THE PROBLEM - With pictures removed, print the listing exactly.

RAW DATA -
*-*-*

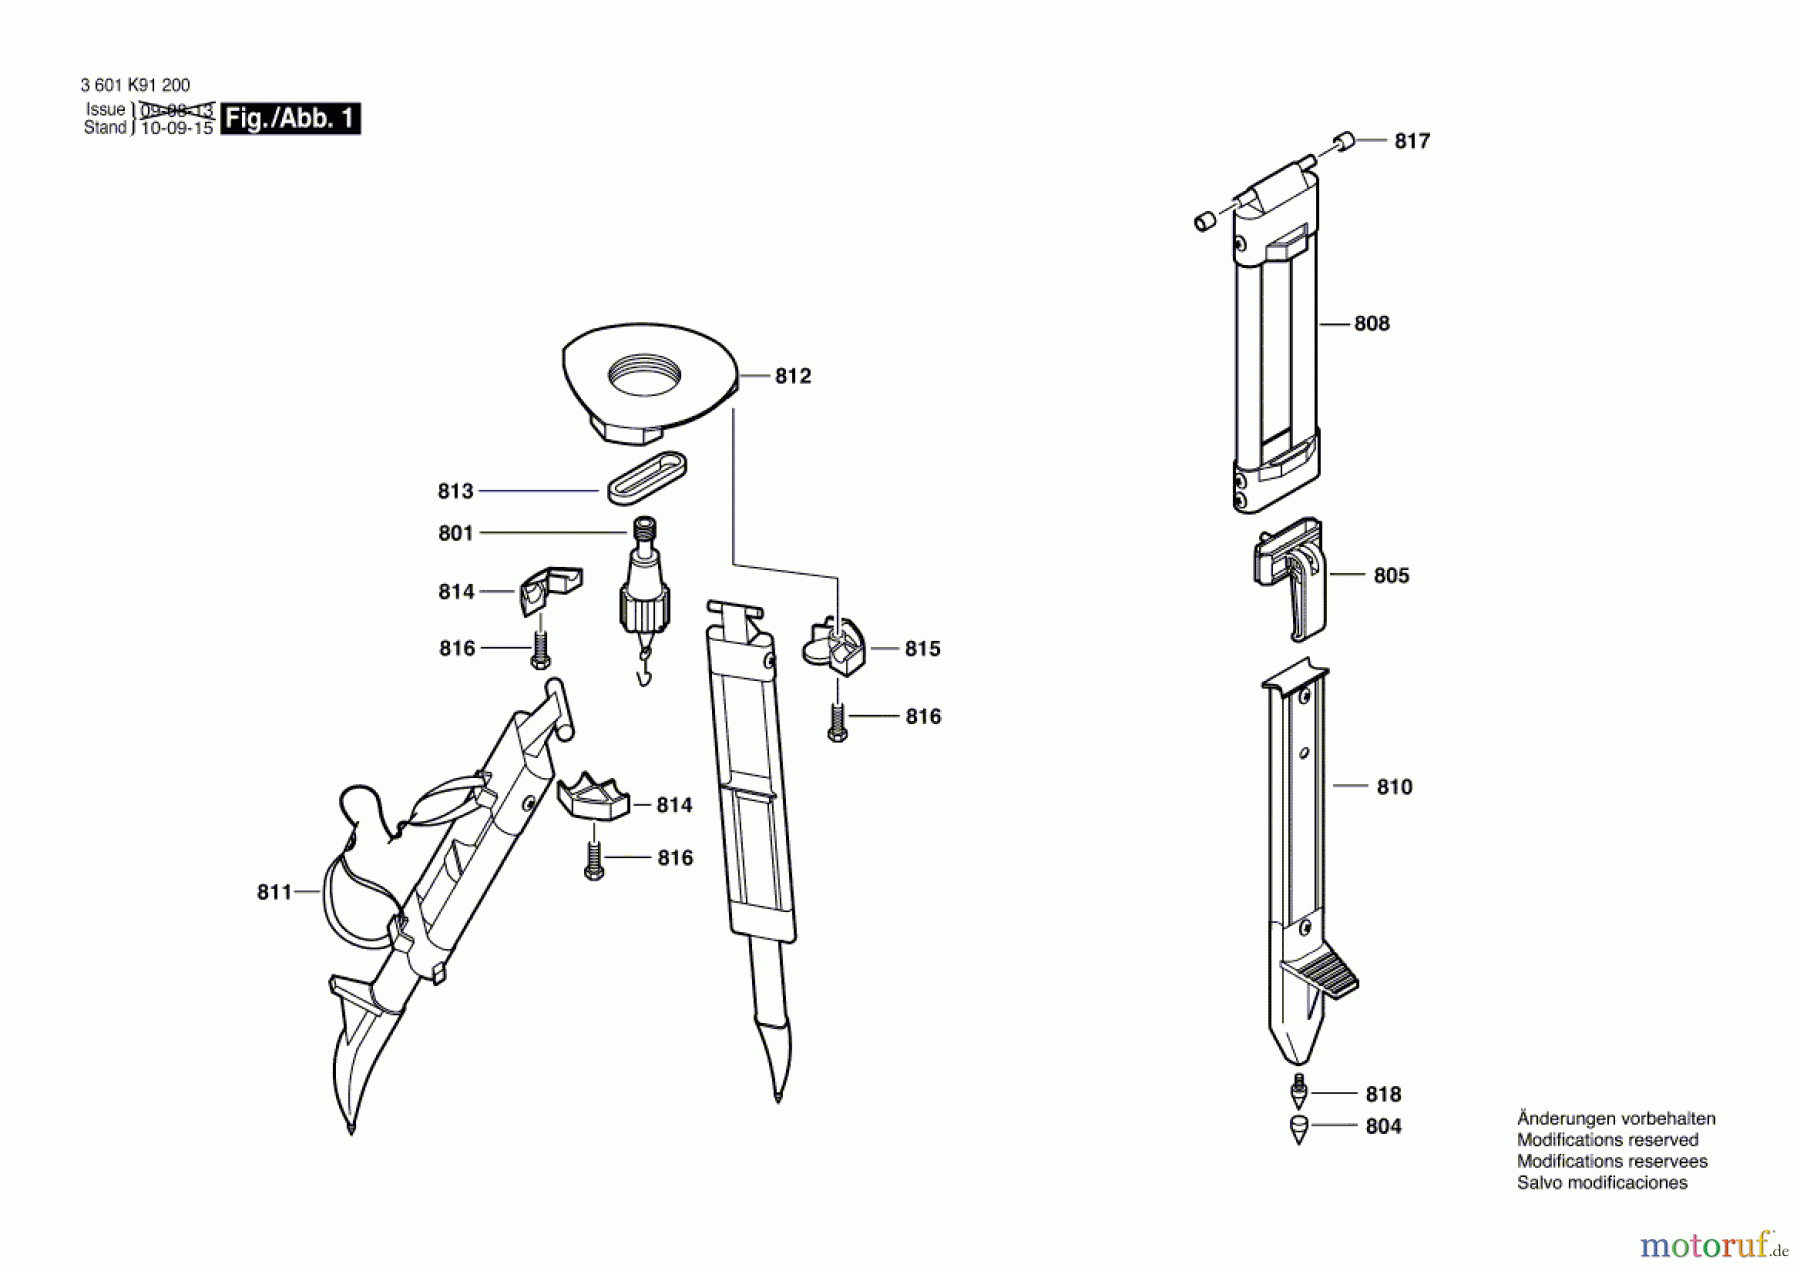  Bosch Werkzeug Stativ BT 160 Seite 1
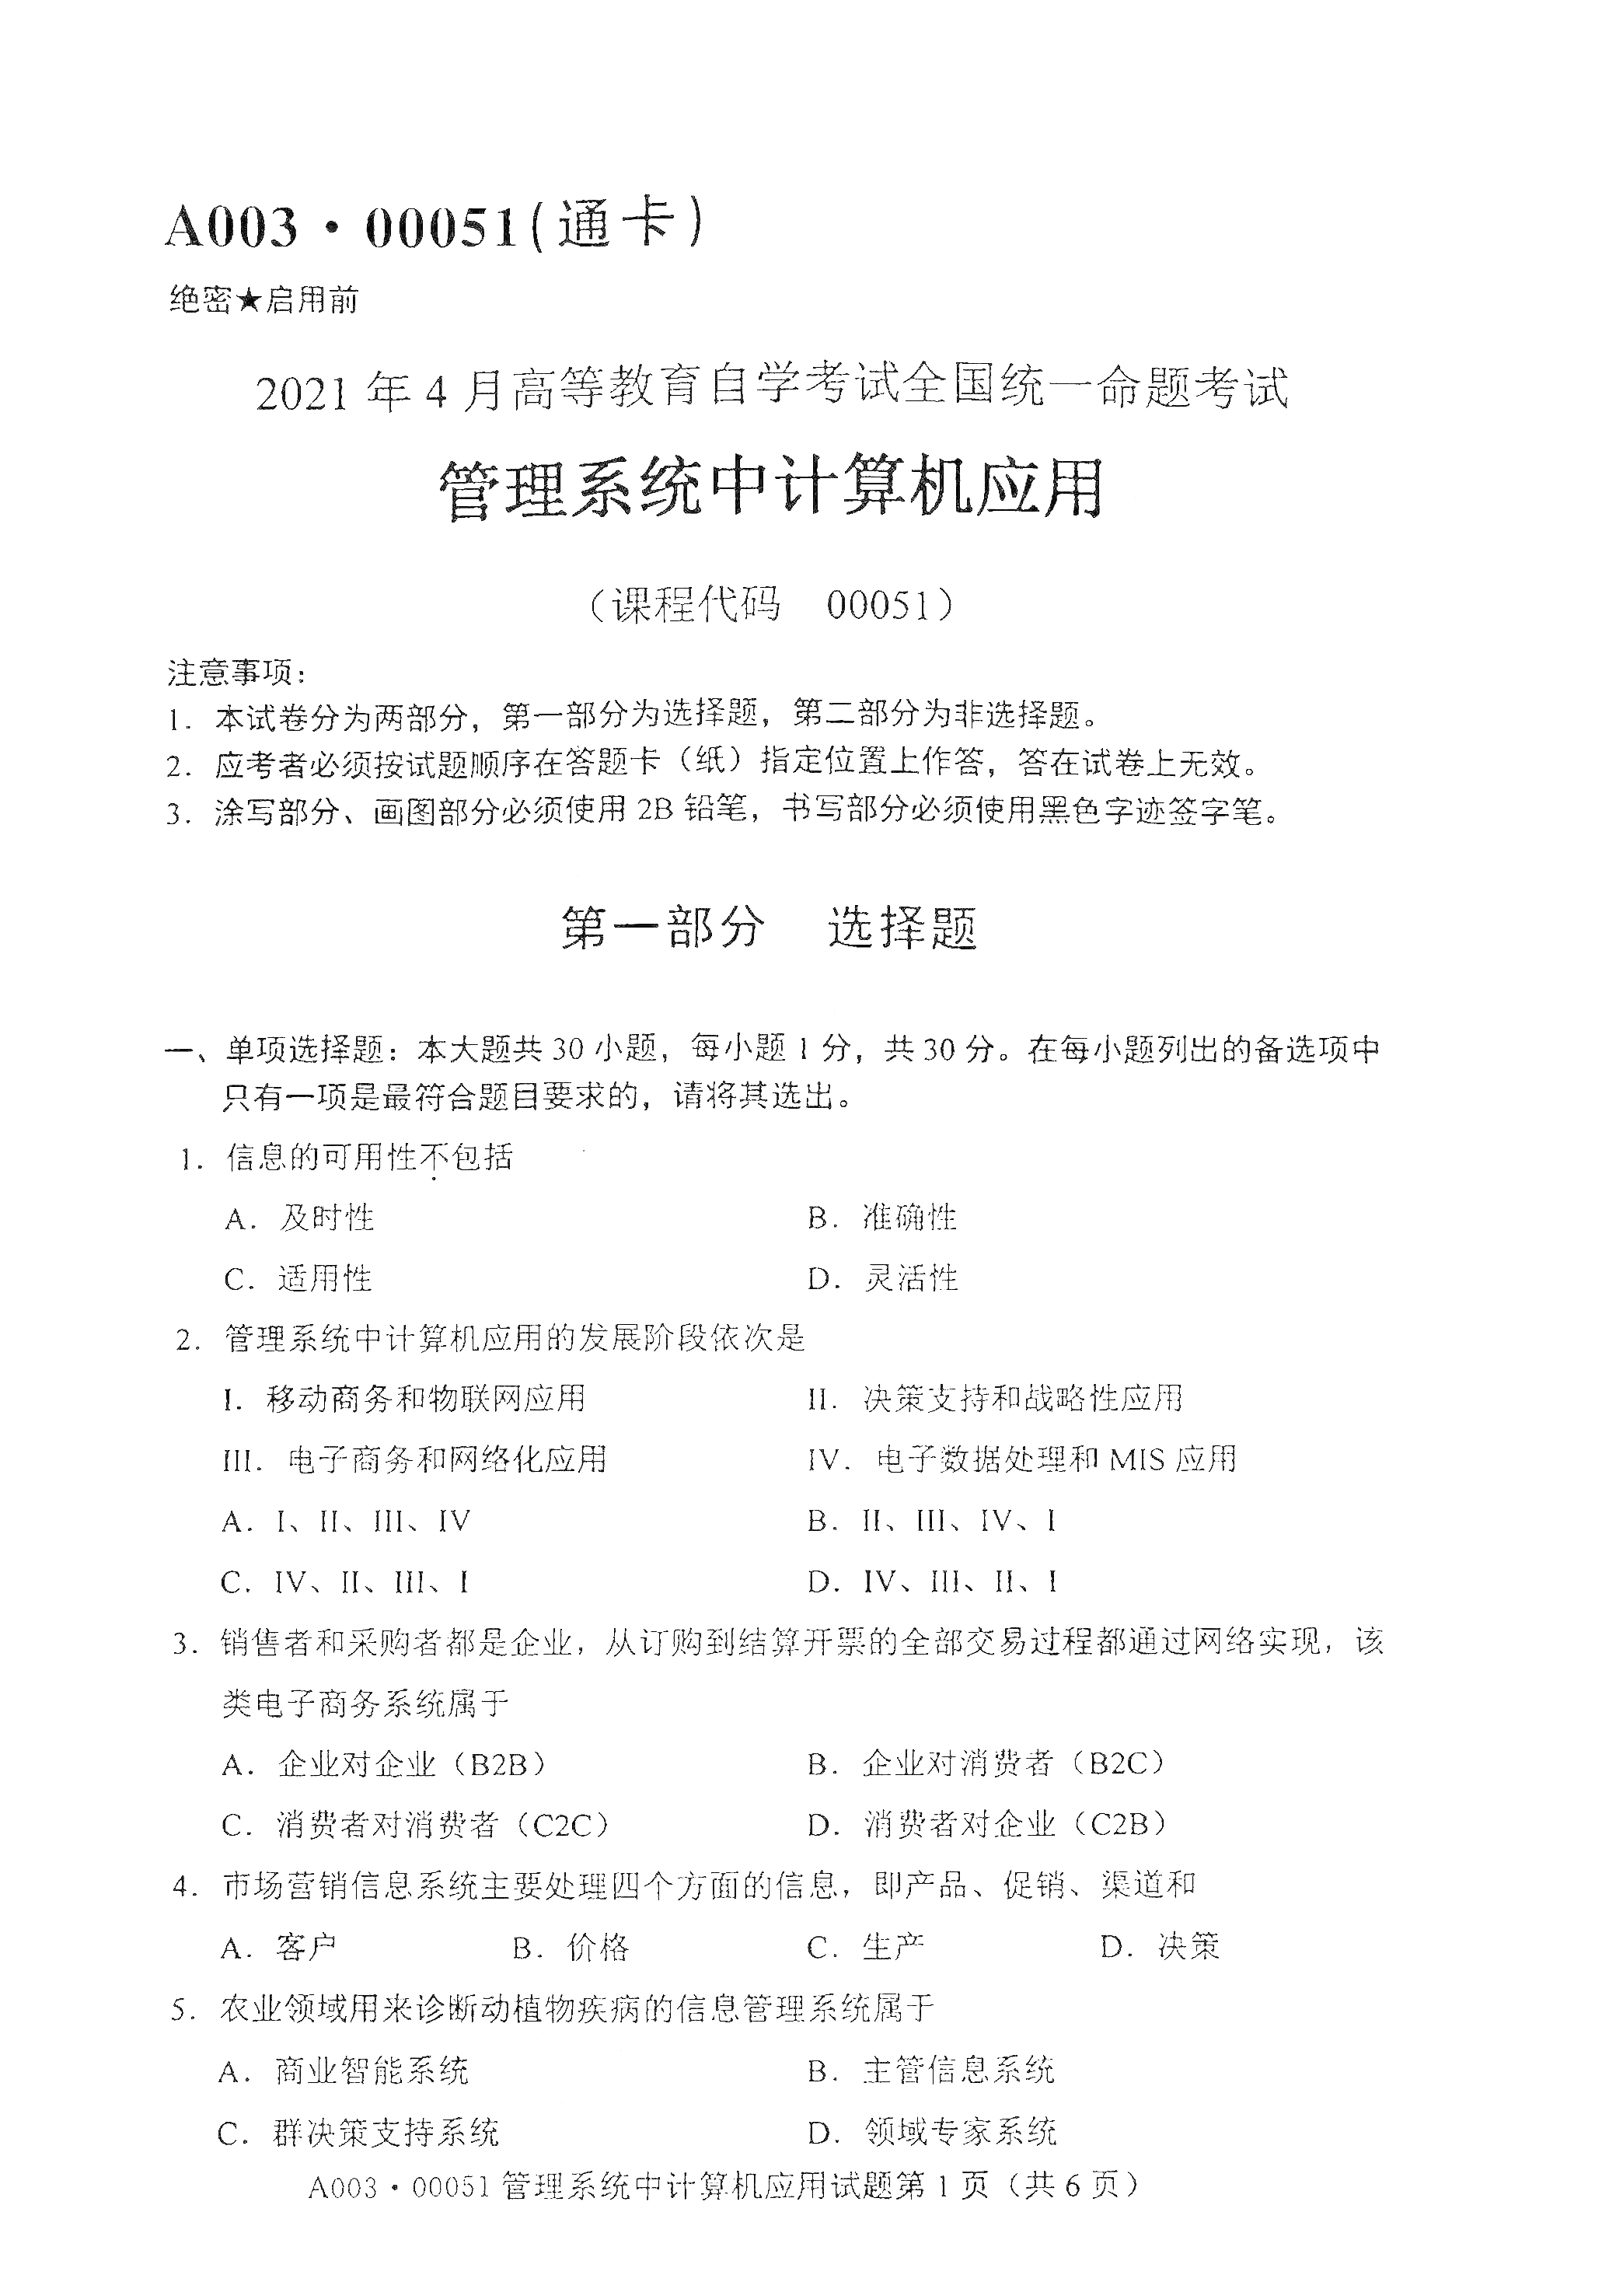 2021年4月北京自考00051管理系统中计算机应用真题试卷
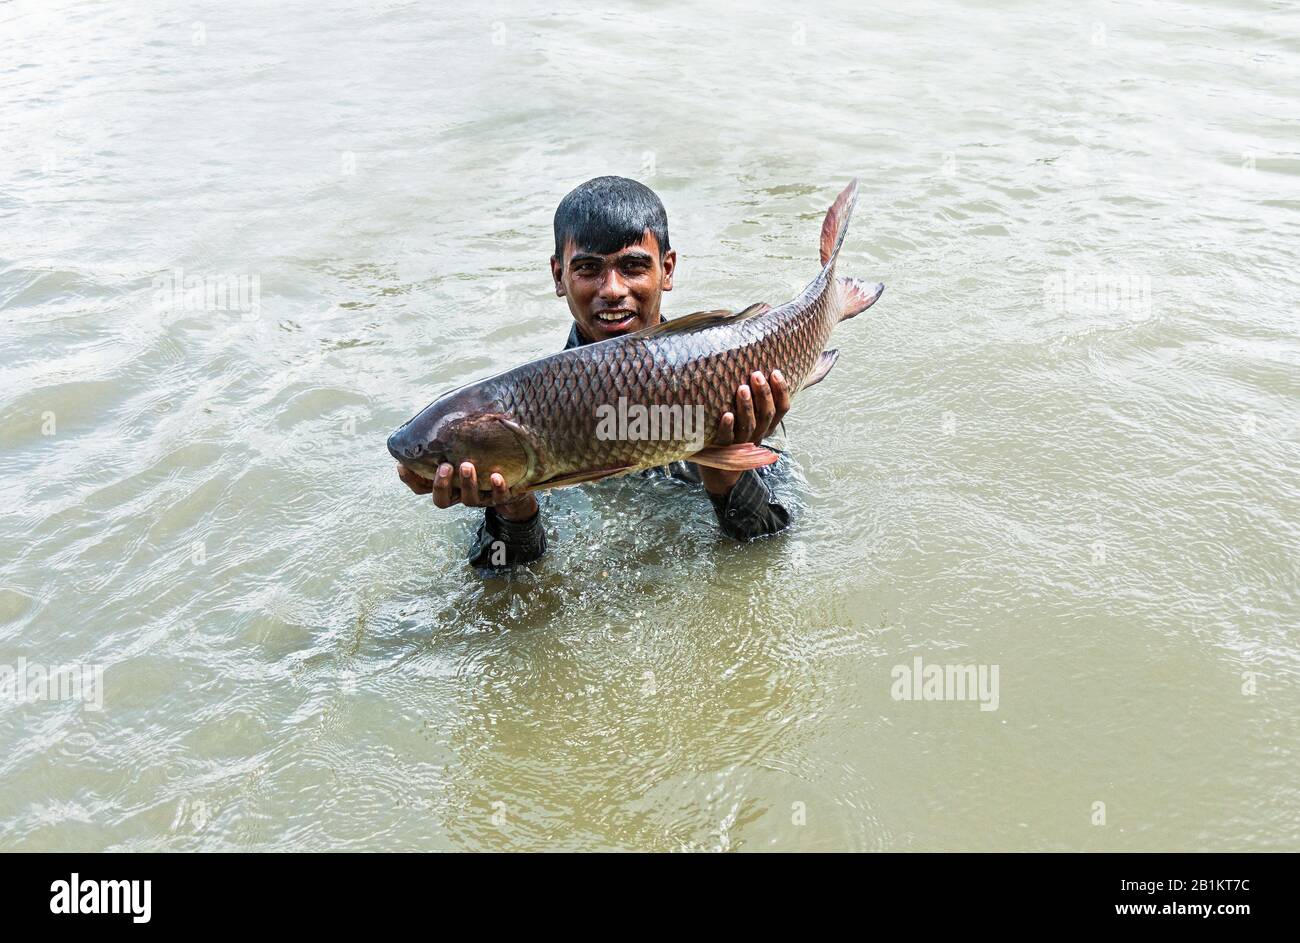 Fisch ist das wichtigste tierische Ausgangsprotein für bangladeschische Menschen. Sie hat auch einen guten wirtschaftlichen Wert in der Lebensmittelindustrie und der Lebensmittelsicherheit. Stockfoto

*-*-*

COMPLETED TASK -
  Bosch Werkzeug Stativ BT 160 Seite 1
 2021年4月北京自考00051管理系统中计算机应用真题试卷
 Fisch ist das wichtigste tierische Ausgangsprotein für bangladeschische Menschen. Sie hat auch einen guten wirtschaftlichen Wert in der Lebensmittelindustrie und der Lebensmittelsicherheit. Stockfoto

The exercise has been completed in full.